▶ _Data provided_:
- - - - - - -

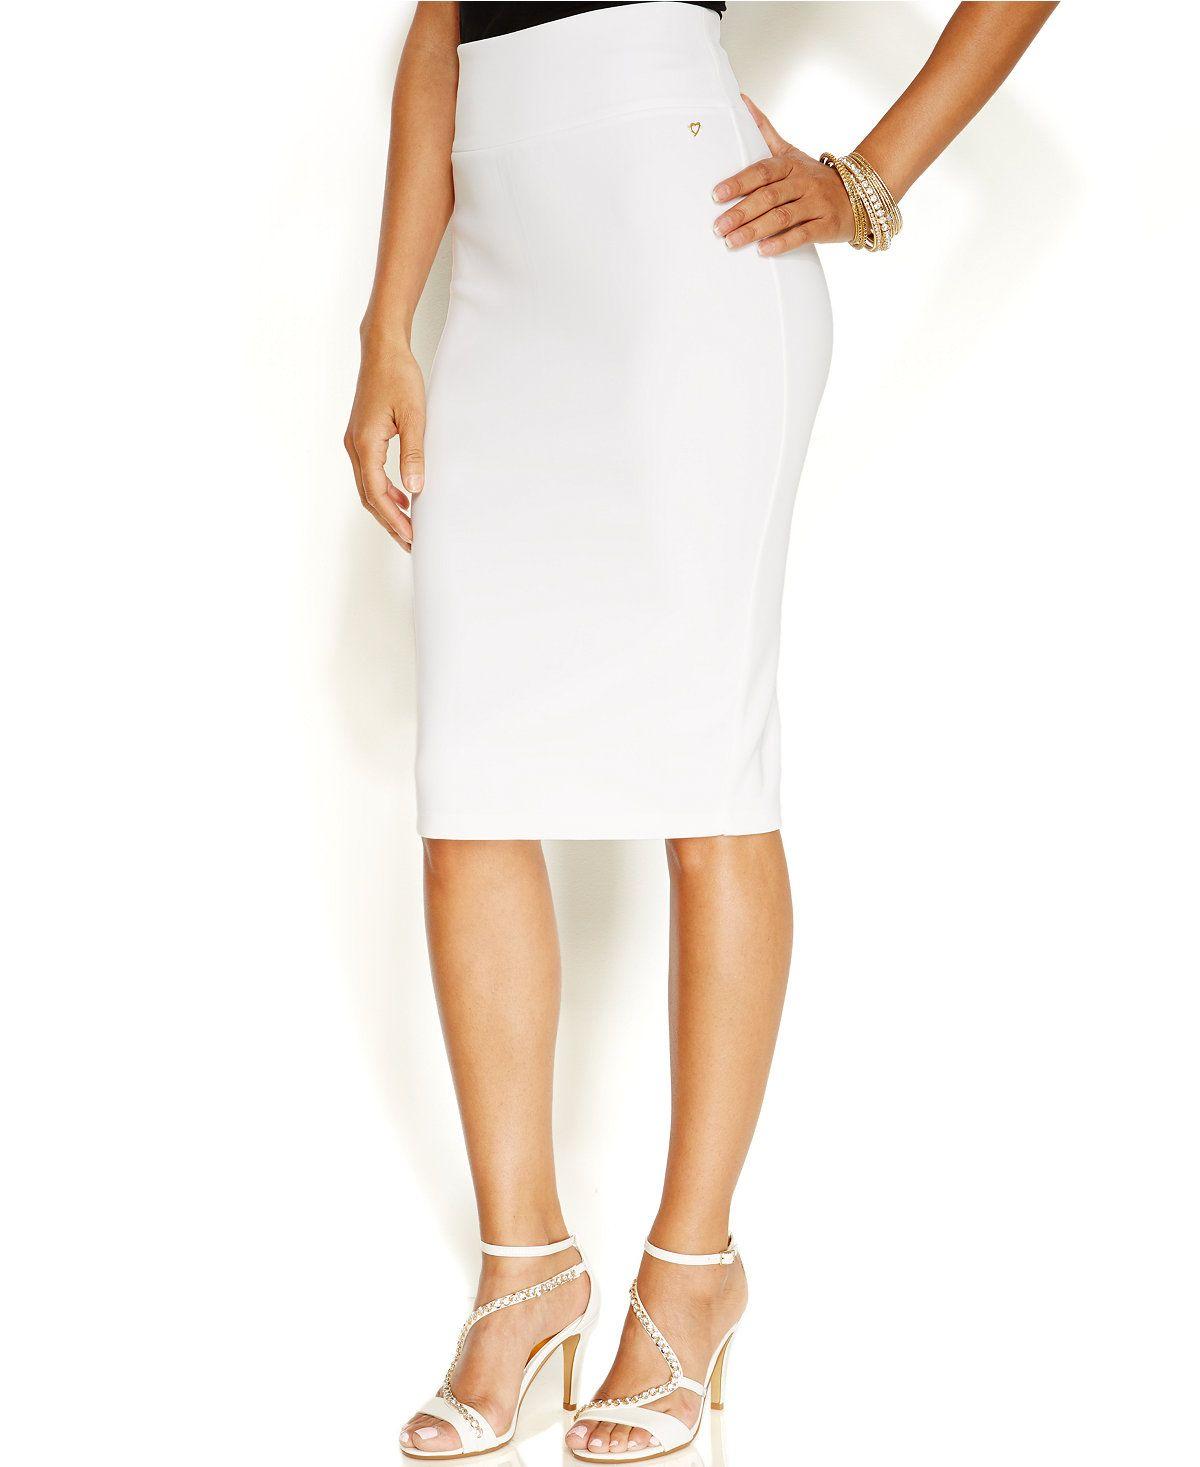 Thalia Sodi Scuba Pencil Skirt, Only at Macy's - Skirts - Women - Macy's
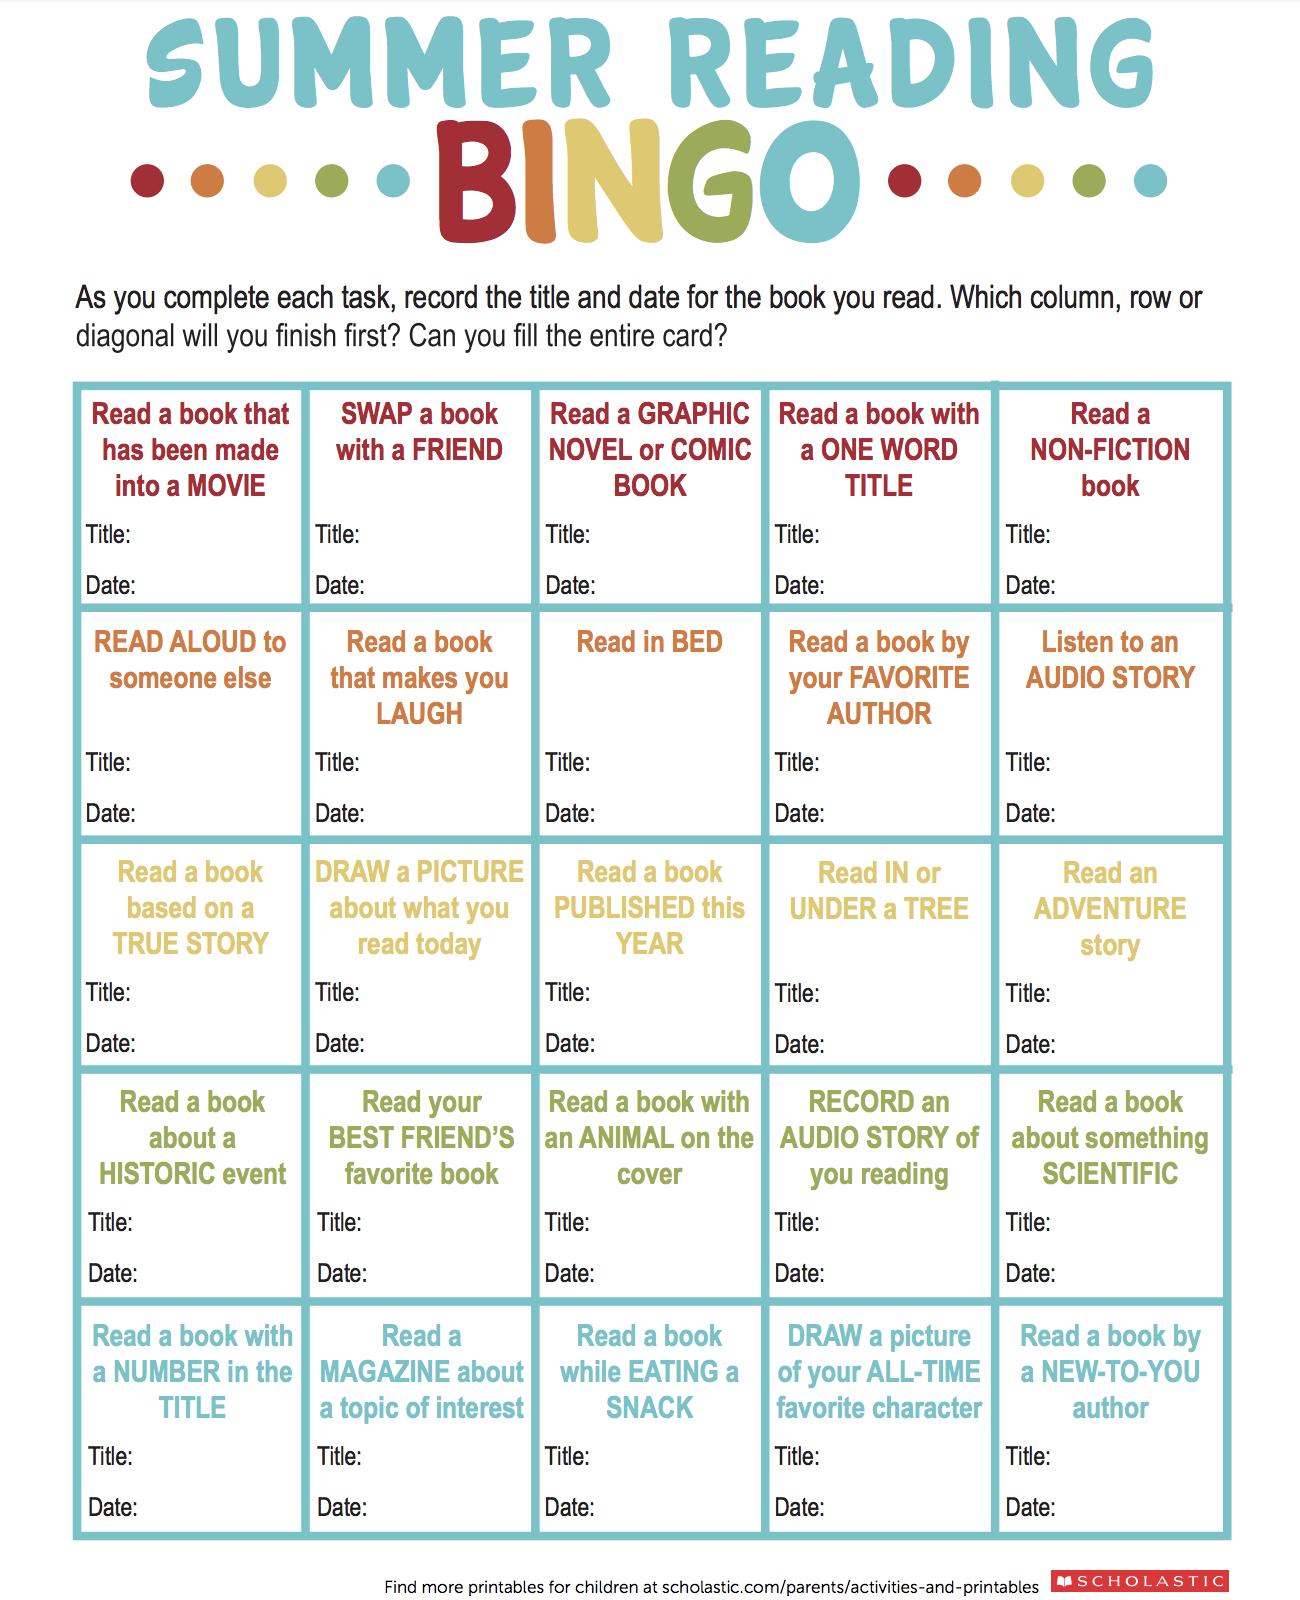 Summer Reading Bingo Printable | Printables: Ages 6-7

- - - - - - -

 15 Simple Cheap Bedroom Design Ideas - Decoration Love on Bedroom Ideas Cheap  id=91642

- - - - - - -

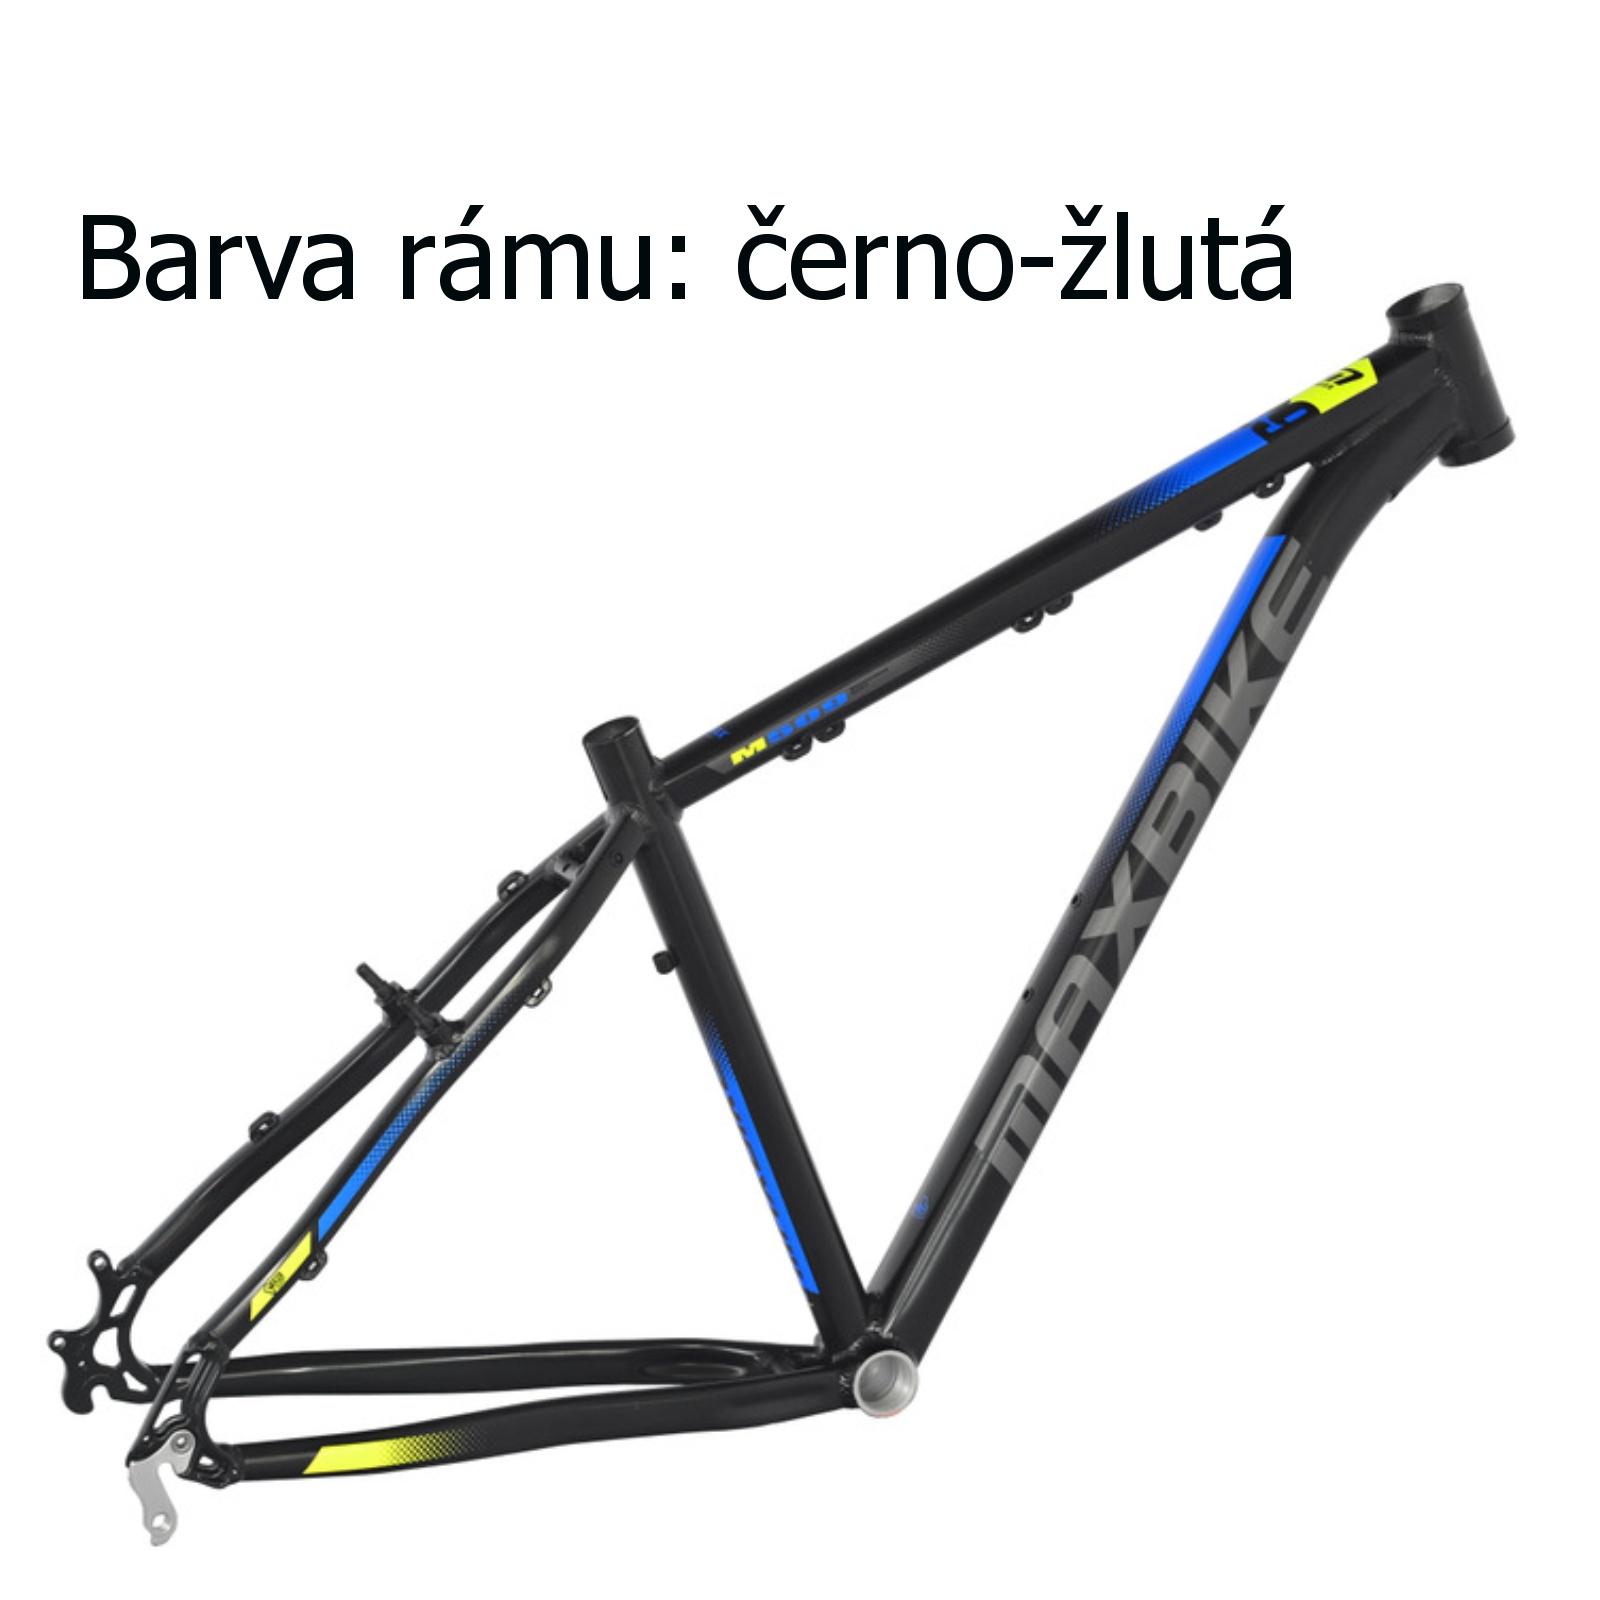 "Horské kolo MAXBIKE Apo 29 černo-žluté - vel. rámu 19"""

- - - - - - -

▶ _Exercise brief_:
Without the pictures, set down the lines above from the line with "Thalia Sodi Scuba" up to and including the line with "Summer Reading Bingo" exactly as they stand.

▶ _Task solution_:
 Thalia Sodi Scuba Pencil Skirt, Only at Macy's - Skirts - Women - Macy's
 Summer Reading Bingo Printable | Printables: Ages 6-7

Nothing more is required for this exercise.